The respondent repeatedly asked the State Government to take steps to remove
the encroachments and expedite the making of the award and payment of the
compensation but no action was taken by the Government. The respondent
thereupon filed a Writ Petition in the High Court for a writ of mandamus,
directing the State Government to make the award under section 11 of the Act,
and take possession of the lands after payment of the compensation to the
respondent.
On
March 25, 1981, the State Government passed an order under section 48 of the
Act, withdrawing the lands of the respondent from acquisition, and the
respondent was, accordingly, informed of that decision. The respondent
thereupon amended its writ petition to challenge the withdrawal order
above-said as mala fide and to pray for the quashing of the same. The writ
petition was allowed by a Single Judge of the High Court and his decision was
affirmed by a Division Bench of the High Court. Aggrieved, the State-
Government appealed to this Court, against the decision of the High Court.
Allowing
the appeal, the Court, ^
HELD:
The High Court erred in striking down the order under section 48 of the Land
Acquisition Act and compelling the State 591 Government to acquire the lands of
the respondent. Under the scheme of the Act, neither the notification under
section 4 nor the declaration under section 6 nor the notice under section 9 is
sufficient to divest the original owner of, or other person interested in, the
land of his rights therein.
Section
16 makes it clear beyond doubt that the title to the land vests in the
Government only when possession is taken by the Government, and till that point
of time, the land continues to be with the original owner and he is also free
(except where there is specific legislation to the contrary) to deal with the
land just as he likes. So long as the possession is not taken over, the mere
fact of a notification issued under section 4 or a declaration made under
section 6, does not divest the owner of his rights in the land to take care of
it and confer on the State Government any right whatsoever to interfere with
the ownership of the land or safeguard the interests of the owner. Section 48
gives liberty to the State Government to withdraw from the acquisition at any
stage before the possession of the land is taken by it. By such withdrawal, no
irreparable prejudice is caused to the owner of the land, and, if at all the
owner has suffered any damage in consequence of the acquisition proceedings or
incurred costs in relation thereto, he will be compensated there for under s.

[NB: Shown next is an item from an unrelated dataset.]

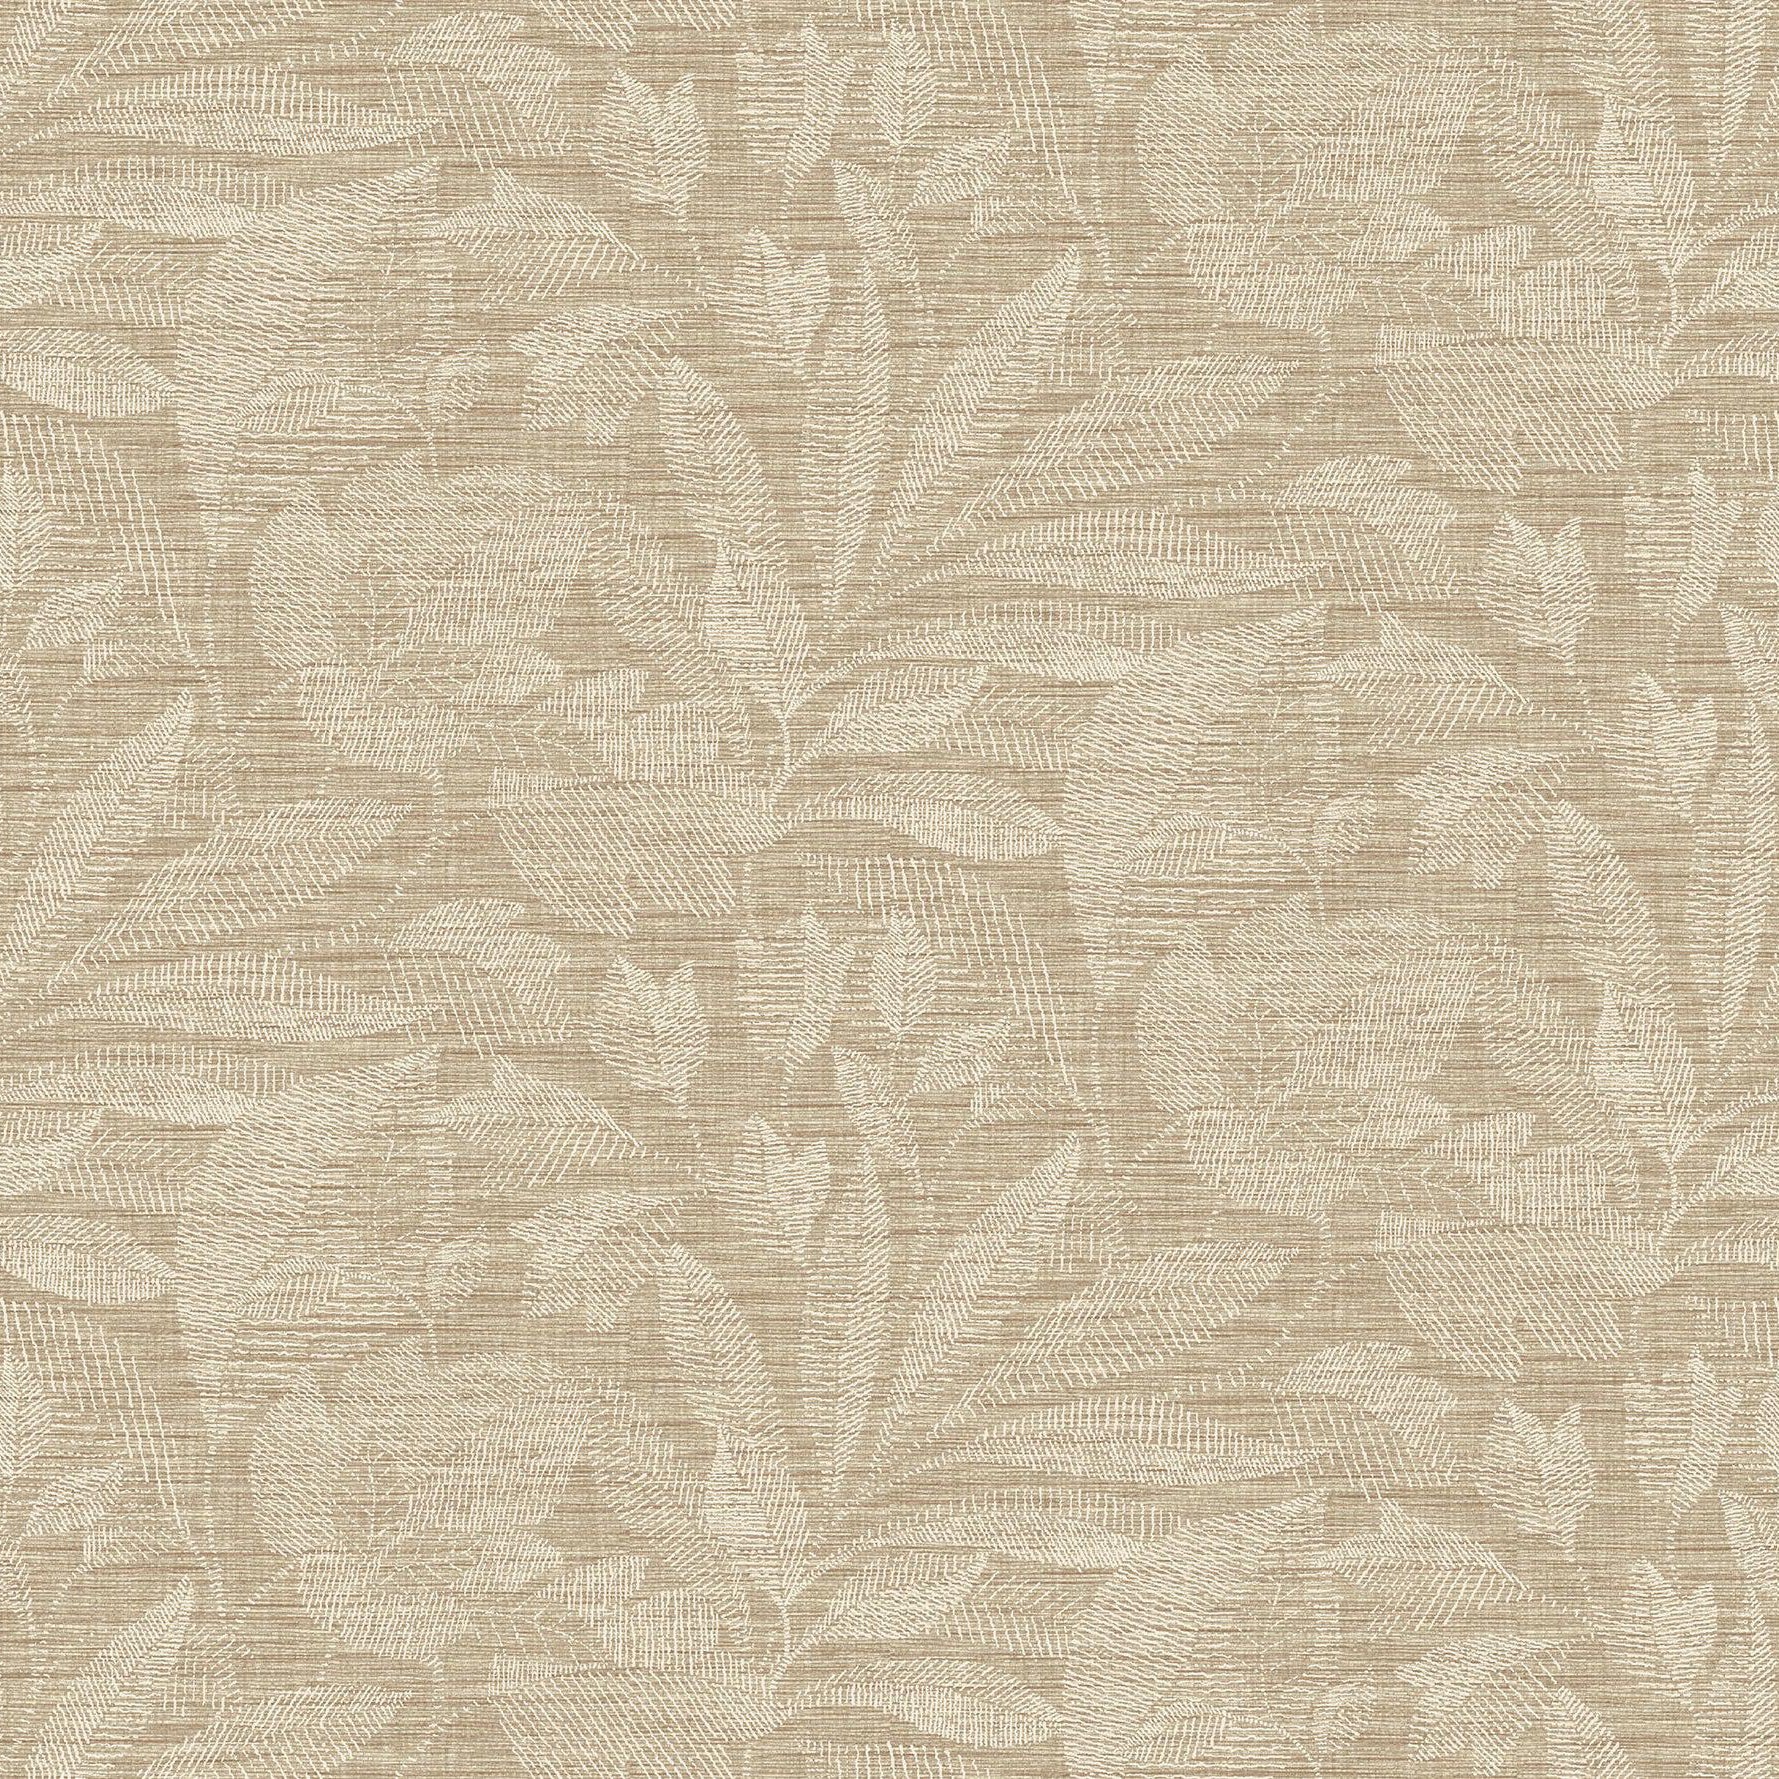 Order 2971-86155 Dimensions Lei Wheat Etched Leaves Wheat A-Street Prints Wallpaper

48(2). As held in Trustees of Bai Smarth Jain Shvetamber Murtipujak Ganodhaya
Trust and Ors. v. State of Gujarat and another, AIR 1981 Gujarat 107, the State
can be permitted to exercise its power of withdrawal unilaterally. Having
regard to the scheme of the Act, it is difficult to see why the State
Government should at all be compelled to give any cogent reasons for its
decision not to go ahead with the acquisition of any land, as was the view of
the High Court.
It
is well settled in the field of specific performance of contracts that no
person will be compelled to acquire any land, as a breach of a contract can
always be compensated for by damages. That is also the principle of section
48(2) of the Act. [594D-H; 595A-D] Even assuming that a withdrawal order under
section 48 should be backed by reasons and should be bonafide, in the present
case, the order is not vitiated in any manner. The Government had intended to
acquire vacant land for the construction of houses, but his land had been
over-run by slum dwellers to such an extent that it was not possible for the
Government to effectuate the intended purpose of acquisition. The Government
cannot be compelled to go ahead with the acquisition. Where slum dwellers on a
large scale occupy pieces of land, social and human problems of such a
magnitude arise, that it is virtually impossible for municipalities, and no
mean task for the Government, to get the lands vacated, and in view of these
genuine difficulties if the Government is reluctant to go ahead with the
acquisition, it can hardly 592 be blamed. The Court sees no justification to
direct the Government to embark upon such a venture to acquire the land.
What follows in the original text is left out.